*** Begin section ***
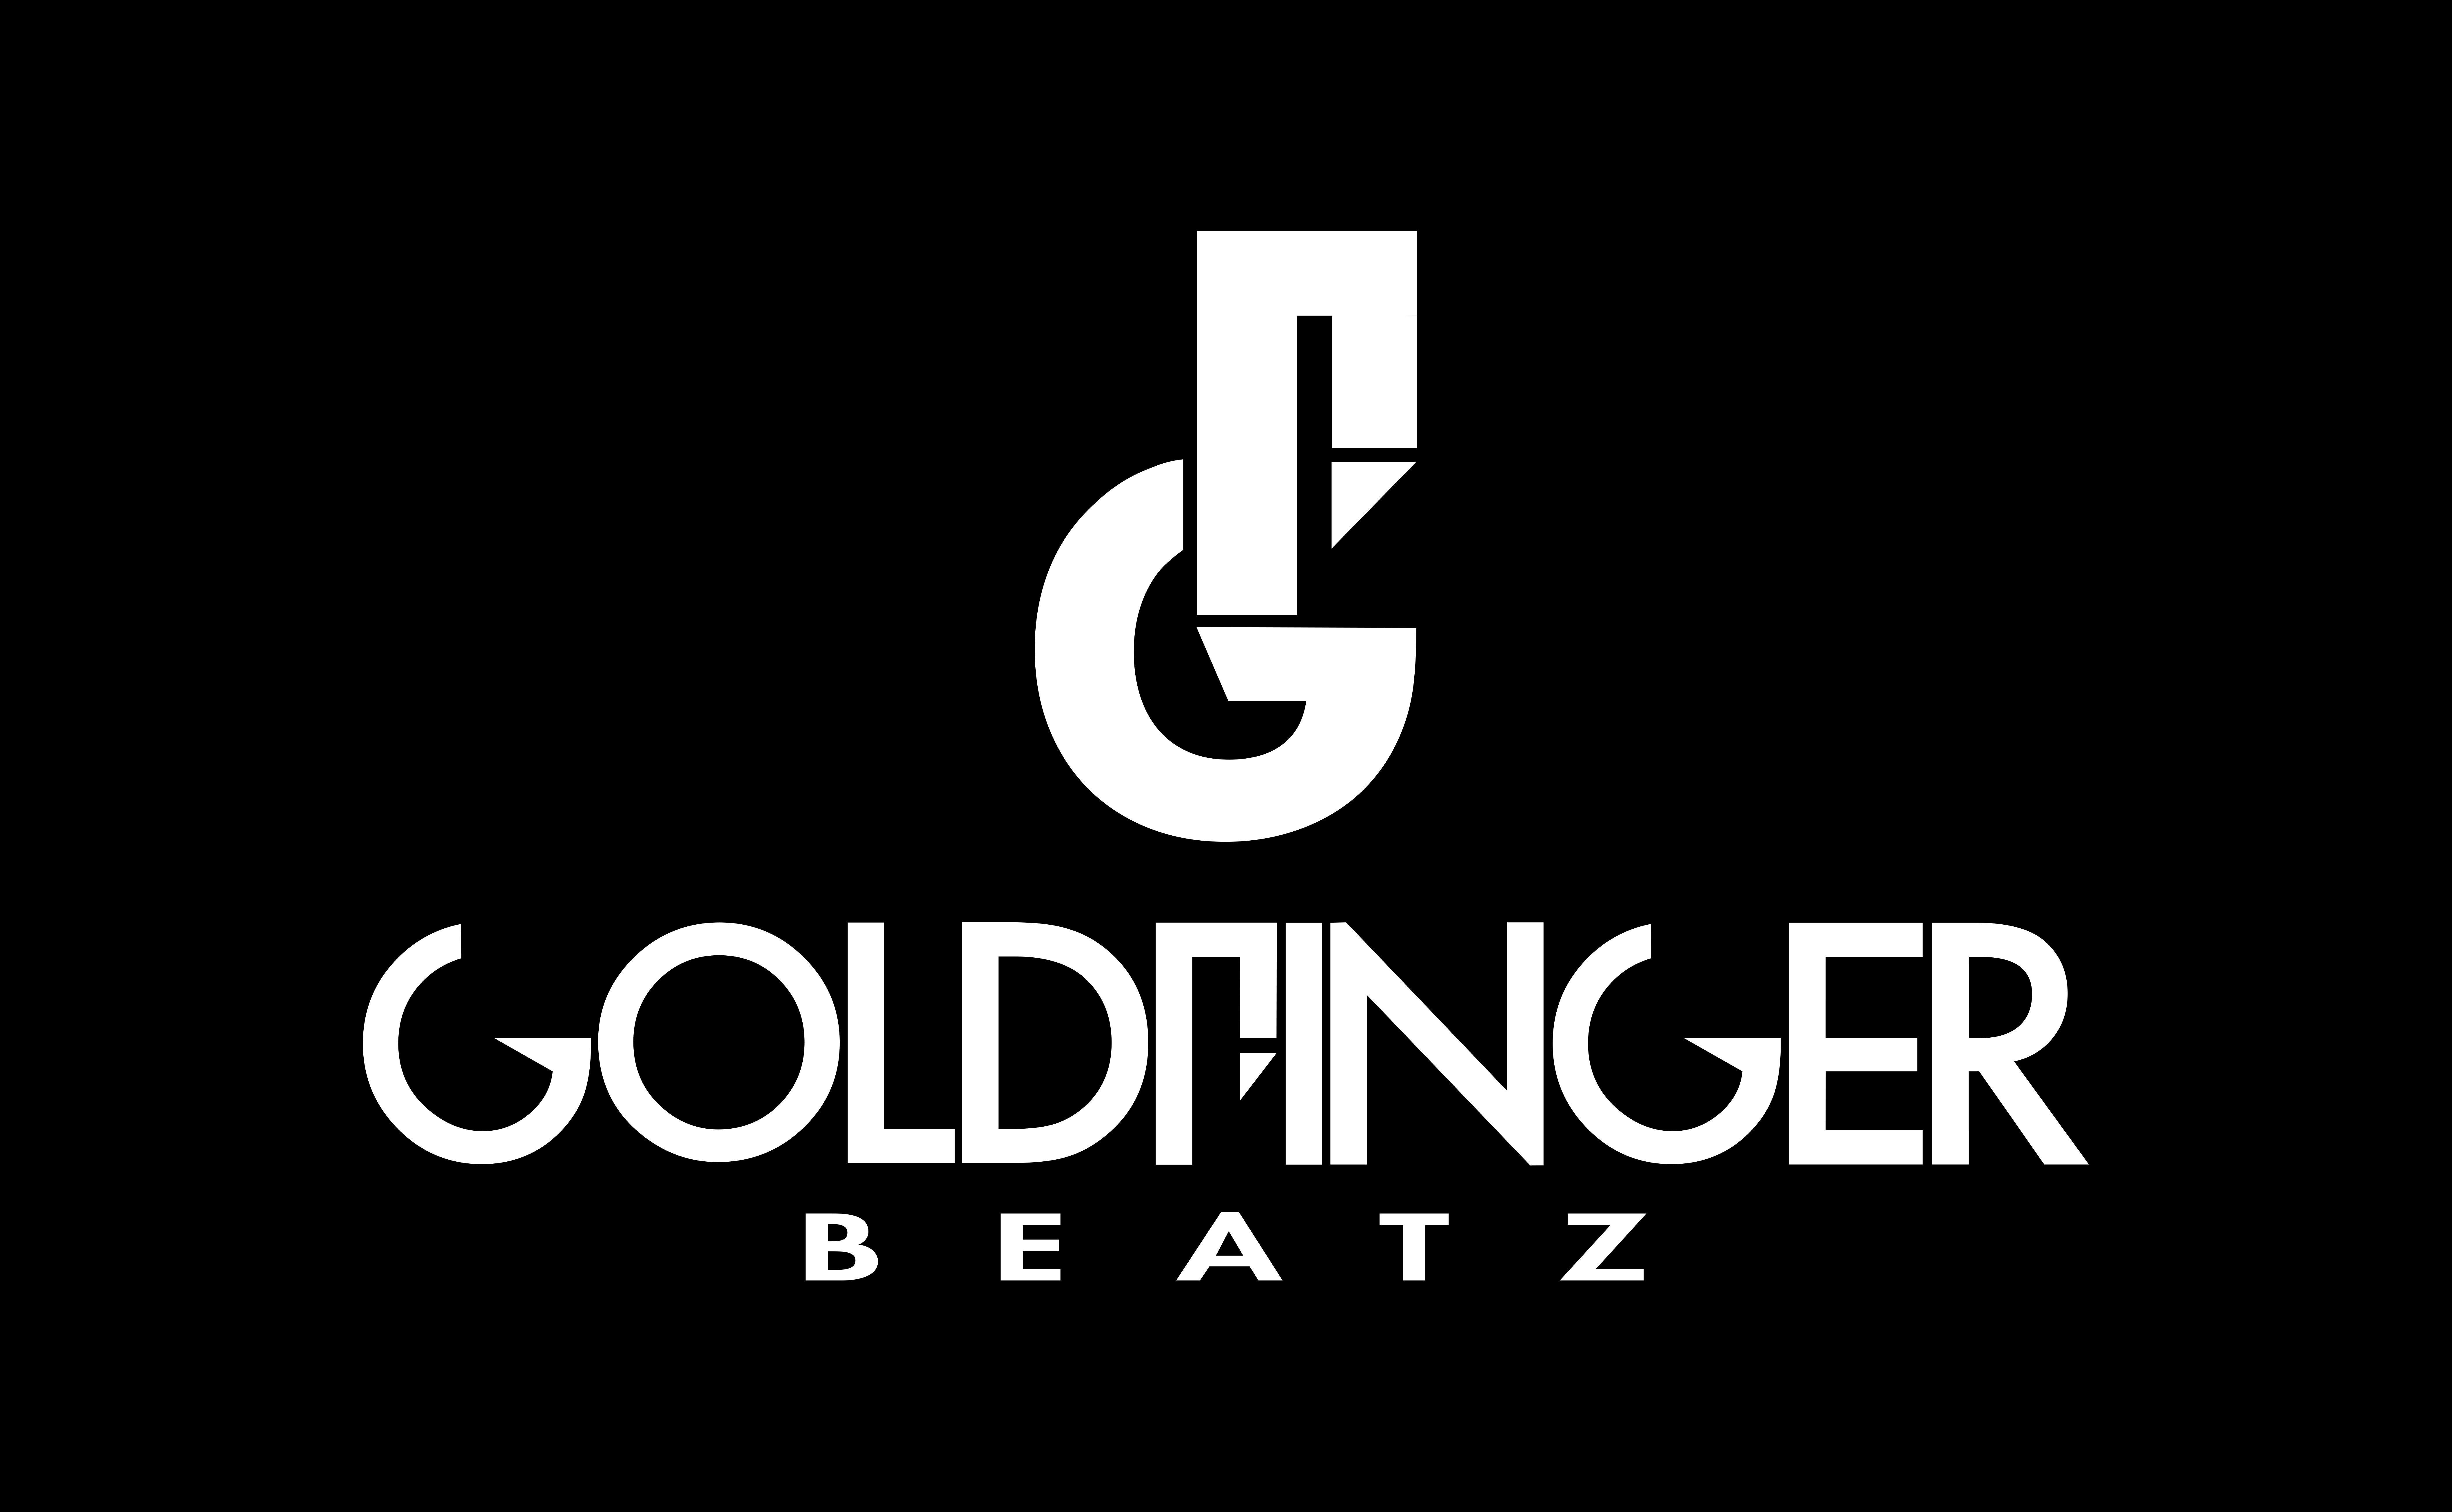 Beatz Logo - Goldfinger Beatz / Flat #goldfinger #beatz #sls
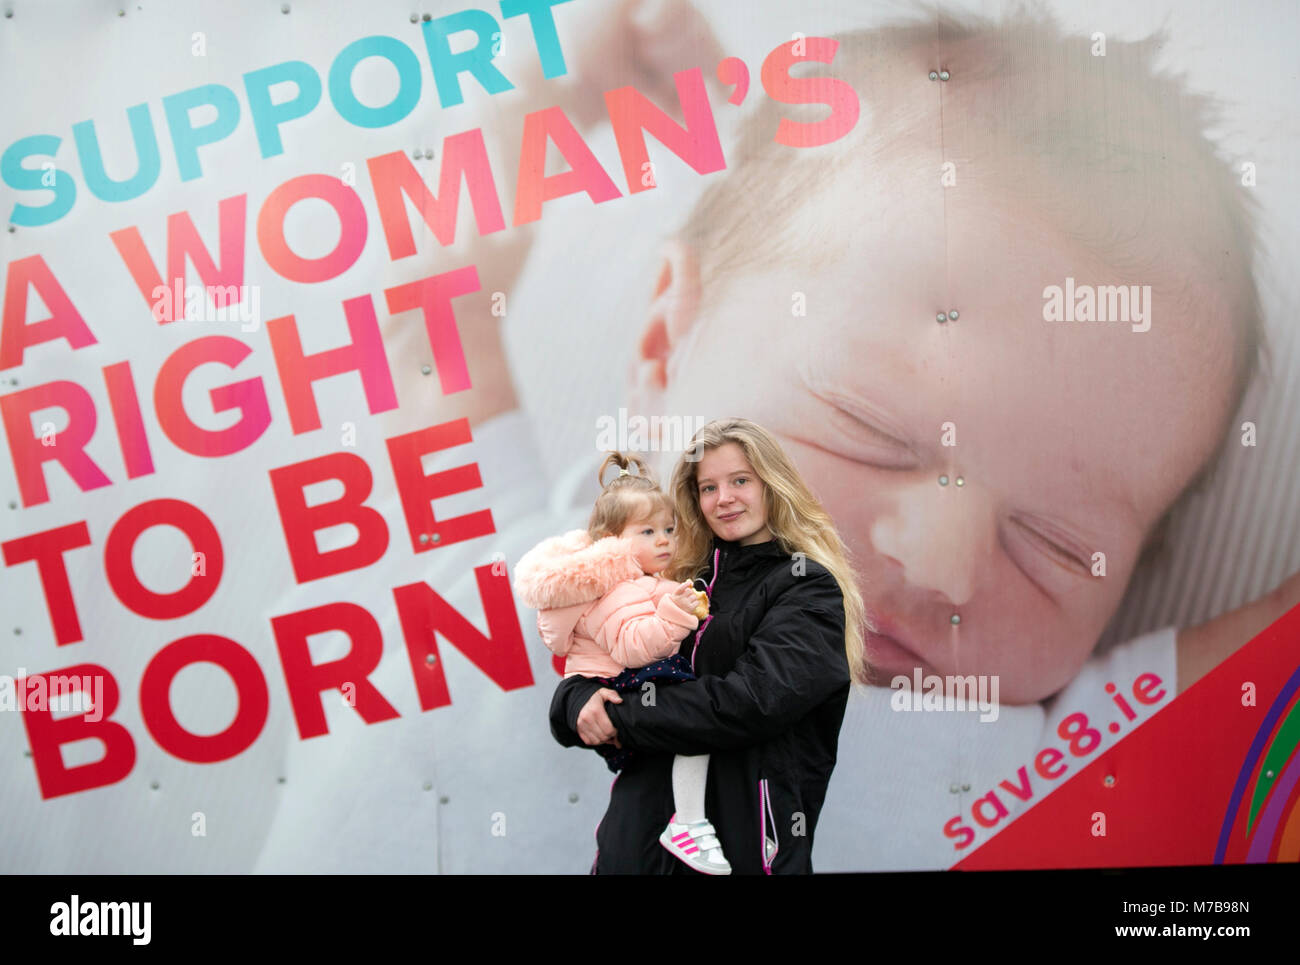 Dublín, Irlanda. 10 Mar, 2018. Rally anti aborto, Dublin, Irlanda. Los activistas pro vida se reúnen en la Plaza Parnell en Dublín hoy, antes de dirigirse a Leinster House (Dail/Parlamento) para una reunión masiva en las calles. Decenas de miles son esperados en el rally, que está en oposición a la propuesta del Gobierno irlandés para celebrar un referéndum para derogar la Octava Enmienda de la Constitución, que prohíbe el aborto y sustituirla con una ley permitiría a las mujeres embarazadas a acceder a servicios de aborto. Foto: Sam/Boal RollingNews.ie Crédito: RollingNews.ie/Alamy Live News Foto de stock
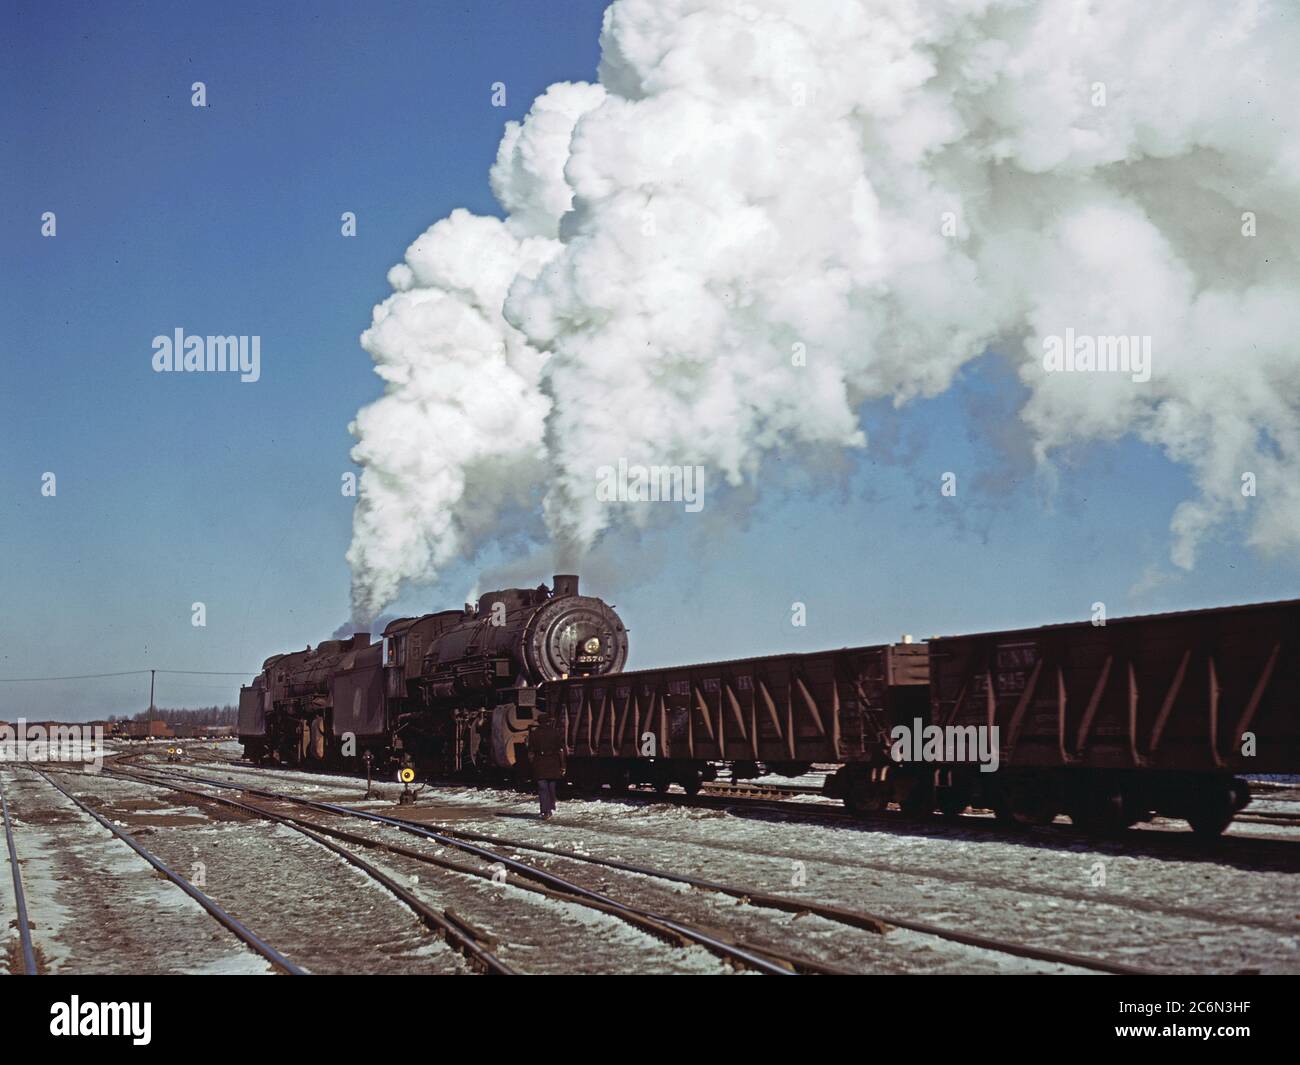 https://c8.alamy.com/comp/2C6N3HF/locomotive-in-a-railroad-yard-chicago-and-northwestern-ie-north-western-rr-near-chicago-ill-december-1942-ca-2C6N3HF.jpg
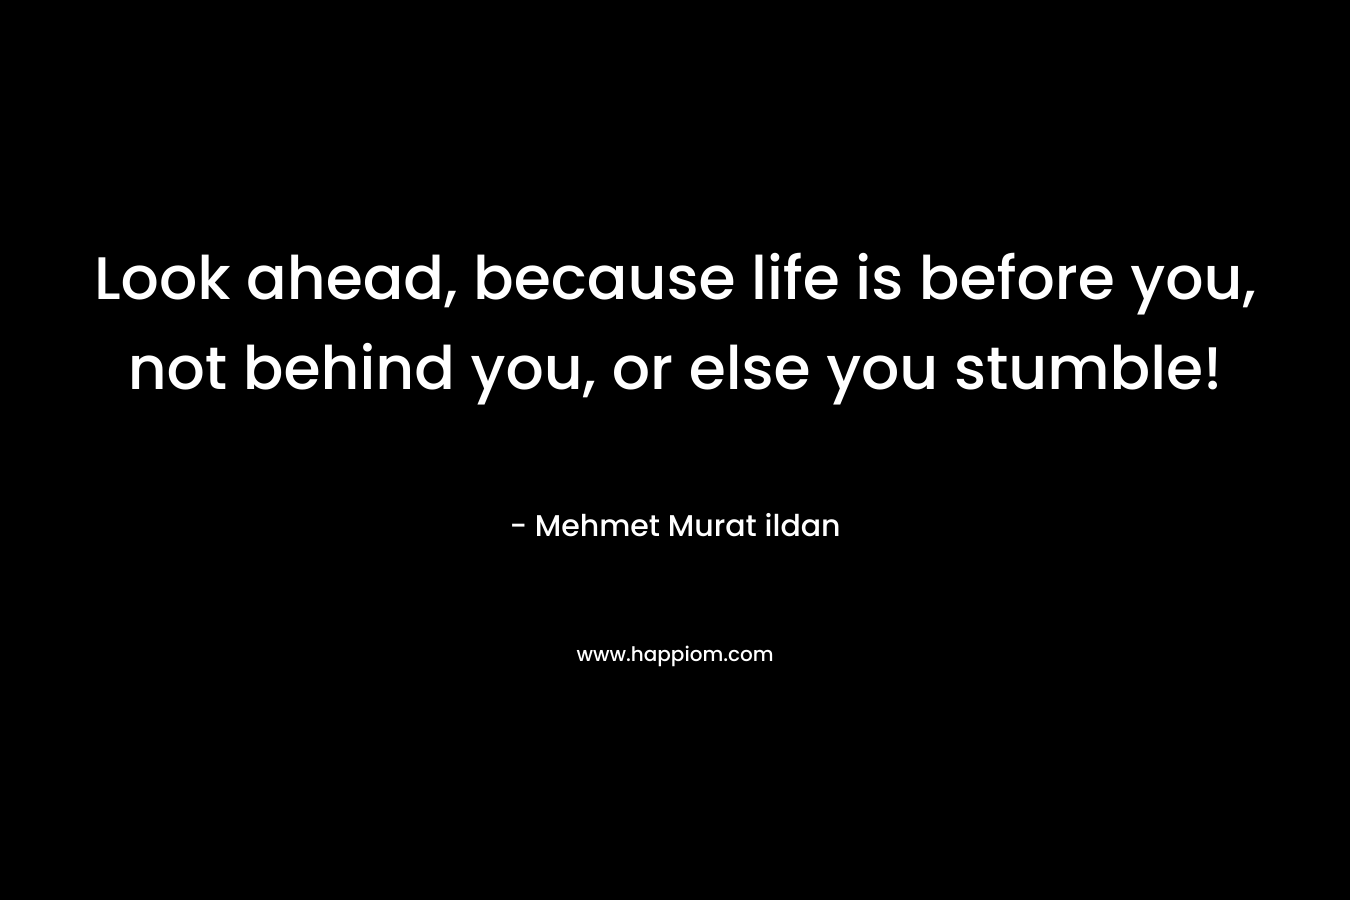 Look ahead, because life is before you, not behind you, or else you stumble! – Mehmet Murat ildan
*** End section ***
* ABOUT THIS TASK: Print the material in full and exactly, minus the pictures.

* SOLUTION TO THIS PROBLEM:
 Beatz Logo - Goldfinger Beatz / Flat #goldfinger #beatz #sls
 Dublín, Irlanda. 10 Mar, 2018. Rally anti aborto, Dublin, Irlanda. Los activistas pro vida se reúnen en la Plaza Parnell en Dublín hoy, antes de dirigirse a Leinster House (Dail/Parlamento) para una reunión masiva en las calles. Decenas de miles son esperados en el rally, que está en oposición a la propuesta del Gobierno irlandés para celebrar un referéndum para derogar la Octava Enmienda de la Constitución, que prohíbe el aborto y sustituirla con una ley permitiría a las mujeres embarazadas a acceder a servicios de aborto. Foto: Sam/Boal RollingNews.ie Crédito: RollingNews.ie/Alamy Live News Foto de stock
 https://c8.alamy.com/comp/2C6N3HF/locomotive-in-a-railroad-yard-chicago-and-northwestern-ie-north-western-rr-near-chicago-ill-december-1942-ca-2C6N3HF.jpg
 Look ahead, because life is before you, not behind you, or else you stumble! – Mehmet Murat ildan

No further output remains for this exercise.